◆ **PROBLEM DETAILS**
All of the data below is to be copied again without changes.

[[ INFORMATION GIVEN open ]]

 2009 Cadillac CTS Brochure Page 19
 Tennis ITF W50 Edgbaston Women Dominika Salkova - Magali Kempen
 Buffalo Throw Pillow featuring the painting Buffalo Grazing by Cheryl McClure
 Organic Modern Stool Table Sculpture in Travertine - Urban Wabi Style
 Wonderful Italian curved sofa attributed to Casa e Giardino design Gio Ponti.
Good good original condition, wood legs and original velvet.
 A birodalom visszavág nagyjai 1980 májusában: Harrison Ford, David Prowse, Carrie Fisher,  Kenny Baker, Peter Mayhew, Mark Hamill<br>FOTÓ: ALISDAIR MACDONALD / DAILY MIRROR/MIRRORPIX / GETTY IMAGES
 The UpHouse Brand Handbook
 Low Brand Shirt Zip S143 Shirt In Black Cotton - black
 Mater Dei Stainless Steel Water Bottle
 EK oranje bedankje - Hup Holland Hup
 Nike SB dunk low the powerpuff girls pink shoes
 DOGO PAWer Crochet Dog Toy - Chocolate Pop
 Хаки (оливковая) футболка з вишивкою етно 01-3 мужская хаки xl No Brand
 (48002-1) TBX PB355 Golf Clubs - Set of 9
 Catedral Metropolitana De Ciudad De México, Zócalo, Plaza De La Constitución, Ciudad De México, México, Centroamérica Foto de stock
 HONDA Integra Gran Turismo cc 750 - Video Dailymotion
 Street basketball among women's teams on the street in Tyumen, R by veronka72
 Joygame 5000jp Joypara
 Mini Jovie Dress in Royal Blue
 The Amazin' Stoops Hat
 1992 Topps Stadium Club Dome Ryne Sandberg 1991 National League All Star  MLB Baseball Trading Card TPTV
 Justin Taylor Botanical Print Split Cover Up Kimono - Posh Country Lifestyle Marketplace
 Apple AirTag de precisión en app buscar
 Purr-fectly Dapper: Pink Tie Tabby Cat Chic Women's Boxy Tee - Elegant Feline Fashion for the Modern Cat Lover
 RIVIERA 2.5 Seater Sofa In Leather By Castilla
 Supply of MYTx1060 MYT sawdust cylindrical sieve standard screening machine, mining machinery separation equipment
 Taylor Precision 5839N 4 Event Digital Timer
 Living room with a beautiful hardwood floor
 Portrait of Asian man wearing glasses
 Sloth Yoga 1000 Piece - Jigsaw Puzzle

[[ INFORMATION GIVEN closed ]]

◆ **ANSWER**
 2009 Cadillac CTS Brochure Page 19
 Tennis ITF W50 Edgbaston Women Dominika Salkova - Magali Kempen
 Buffalo Throw Pillow featuring the painting Buffalo Grazing by Cheryl McClure
 Organic Modern Stool Table Sculpture in Travertine - Urban Wabi Style
 Wonderful Italian curved sofa attributed to Casa e Giardino design Gio Ponti.
Good good original condition, wood legs and original velvet.
 A birodalom visszavág nagyjai 1980 májusában: Harrison Ford, David Prowse, Carrie Fisher,  Kenny Baker, Peter Mayhew, Mark Hamill<br>FOTÓ: ALISDAIR MACDONALD / DAILY MIRROR/MIRRORPIX / GETTY IMAGES
 The UpHouse Brand Handbook
 Low Brand Shirt Zip S143 Shirt In Black Cotton - black
 Mater Dei Stainless Steel Water Bottle
 EK oranje bedankje - Hup Holland Hup
 Nike SB dunk low the powerpuff girls pink shoes
 DOGO PAWer Crochet Dog Toy - Chocolate Pop
 Хаки (оливковая) футболка з вишивкою етно 01-3 мужская хаки xl No Brand
 (48002-1) TBX PB355 Golf Clubs - Set of 9
 Catedral Metropolitana De Ciudad De México, Zócalo, Plaza De La Constitución, Ciudad De México, México, Centroamérica Foto de stock
 HONDA Integra Gran Turismo cc 750 - Video Dailymotion
 Street basketball among women's teams on the street in Tyumen, R by veronka72
 Joygame 5000jp Joypara
 Mini Jovie Dress in Royal Blue
 The Amazin' Stoops Hat
 1992 Topps Stadium Club Dome Ryne Sandberg 1991 National League All Star  MLB Baseball Trading Card TPTV
 Justin Taylor Botanical Print Split Cover Up Kimono - Posh Country Lifestyle Marketplace
 Apple AirTag de precisión en app buscar
 Purr-fectly Dapper: Pink Tie Tabby Cat Chic Women's Boxy Tee - Elegant Feline Fashion for the Modern Cat Lover
 RIVIERA 2.5 Seater Sofa In Leather By Castilla
 Supply of MYTx1060 MYT sawdust cylindrical sieve standard screening machine, mining machinery separation equipment
 Taylor Precision 5839N 4 Event Digital Timer
 Living room with a beautiful hardwood floor
 Portrait of Asian man wearing glasses
 Sloth Yoga 1000 Piece - Jigsaw Puzzle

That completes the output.